Types of recommendation models
content-based filtering and collaborative filtering, ranking model
hybrids, incorporating elements of many different methods into a model or combination of models.

Content-based filtering
Content-based methods try to use the content or attributes of an item, together with some notion of similarity between two pieces of content, to generate items similar to a given item.

To generate recommendations for unknown items for a given user, we can use the known preferences of other users that exhibit similar behavior. We can do this by selecting a set of similar users and computing some form of combined score based on the items they have shown a preference for. The overall logic is that if others have tastes similar to a set of items, these items would tend to be good candidates for recommendation.

MATRIX FACTORIZATION
Matrix factorization (or matrix completion) attempts to directly model this user-item matrix by representing it as a product of two smaller matrices of lower dimension.
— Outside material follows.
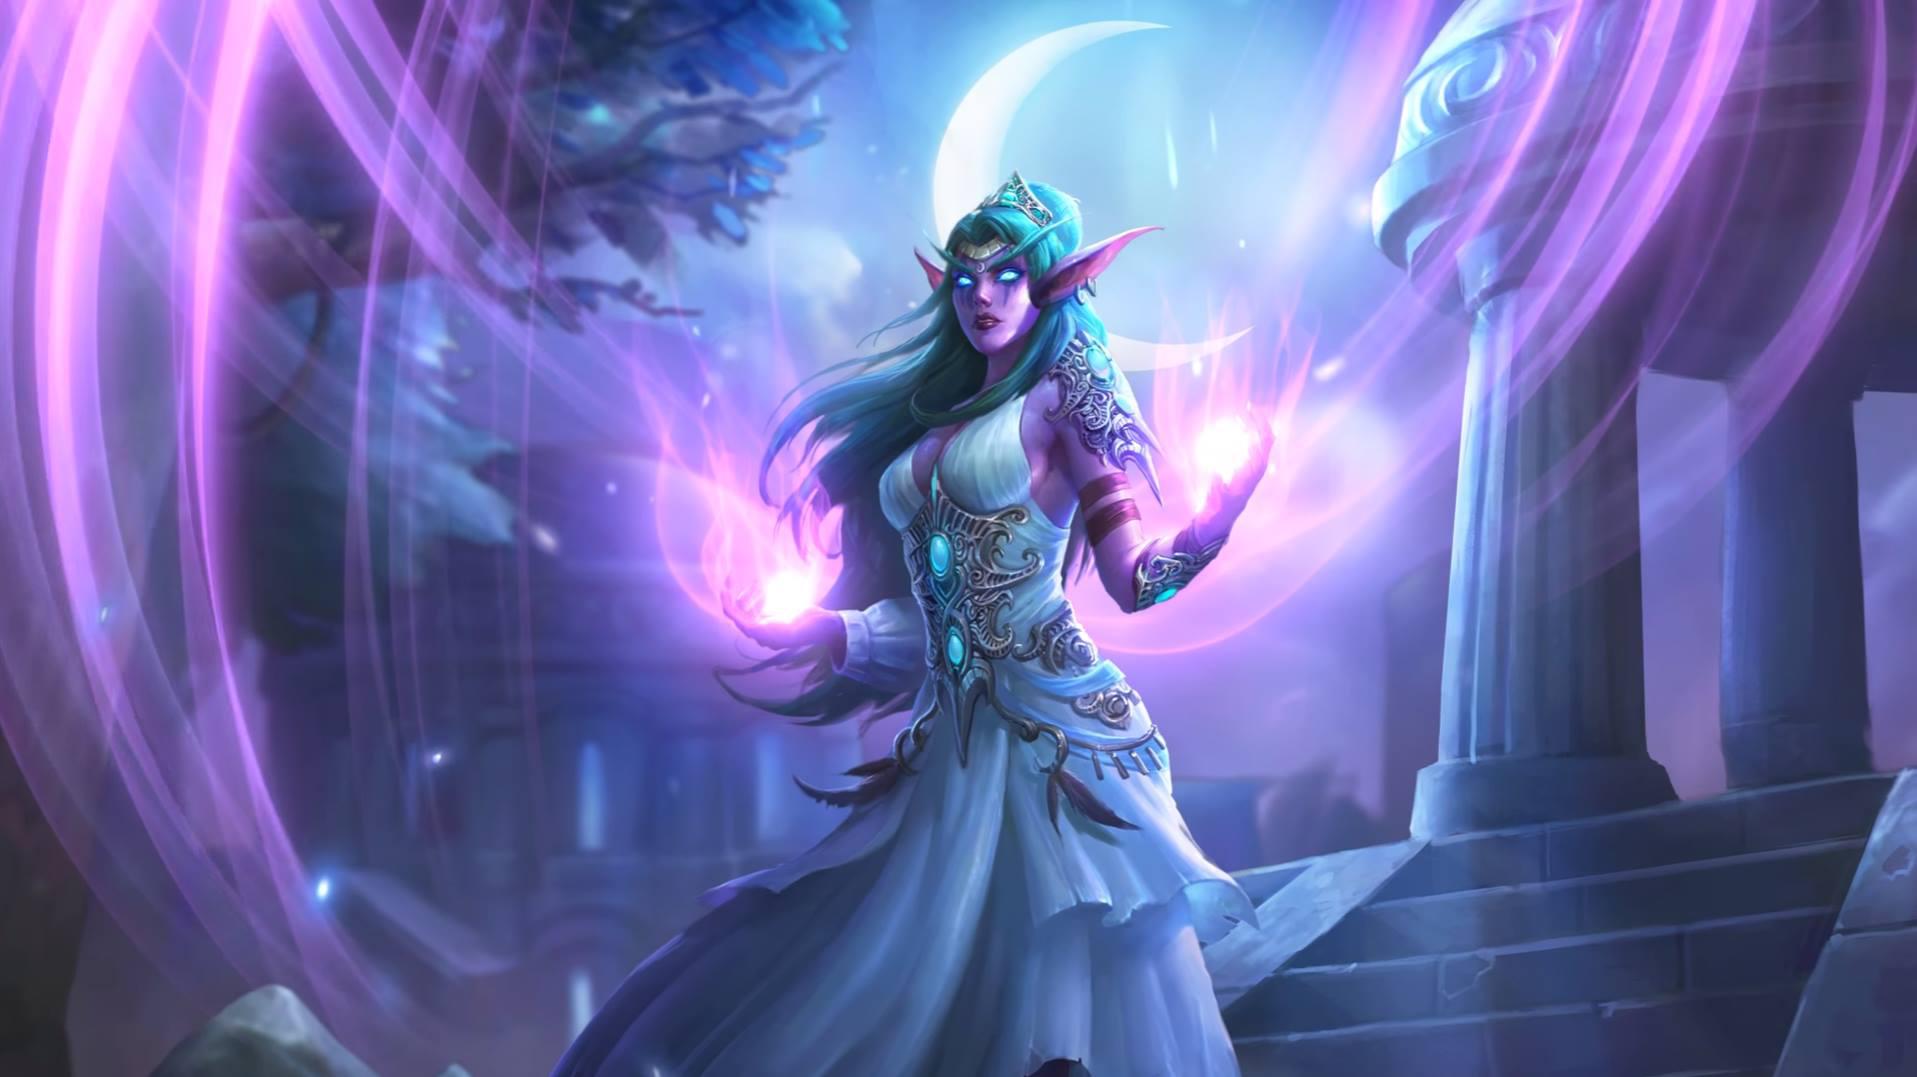 Hero Tyrande Whisperwind Artist Blizzard Entertainment World Of Warcraft Characters World Of Warcraft World Of Warcraft 3 Heroes of the storm beta developed by: hero tyrande whisperwind artist

Thus, it is a dimensionality-reduction technique.

If we want to find a lower dimension (low-rank) approximation to our user-item matrix with the dimension k, we would end up with two matrices: one for users of size U x k and one for items of size I x k. These are known as factor matrices. If we multiply these two factor matrices, we would reconstruct an approximate version of the original ratings matrix. Note that while the original ratings matrix is typically very sparse, each factor matrix is dense

Implicit matrix factorization

There are many different approaches to deal with implicit data. MLlib implements a particular approach that treats the input rating matrix as two matrices: a binary preference matrix, P, and a matrix of confidence weights, C.

ALS works by iteratively solving a series of least squares regression problems. In each iteration, one of the user- or item-factor matrices is treated as fixed, while the other one is updated using the fixed factor and the rating data. Then, the factor matrix that was solved for is, in turn, treated as fixed, while the other one is updated. This process continues until the model has converged (or for a fixed number of iterations).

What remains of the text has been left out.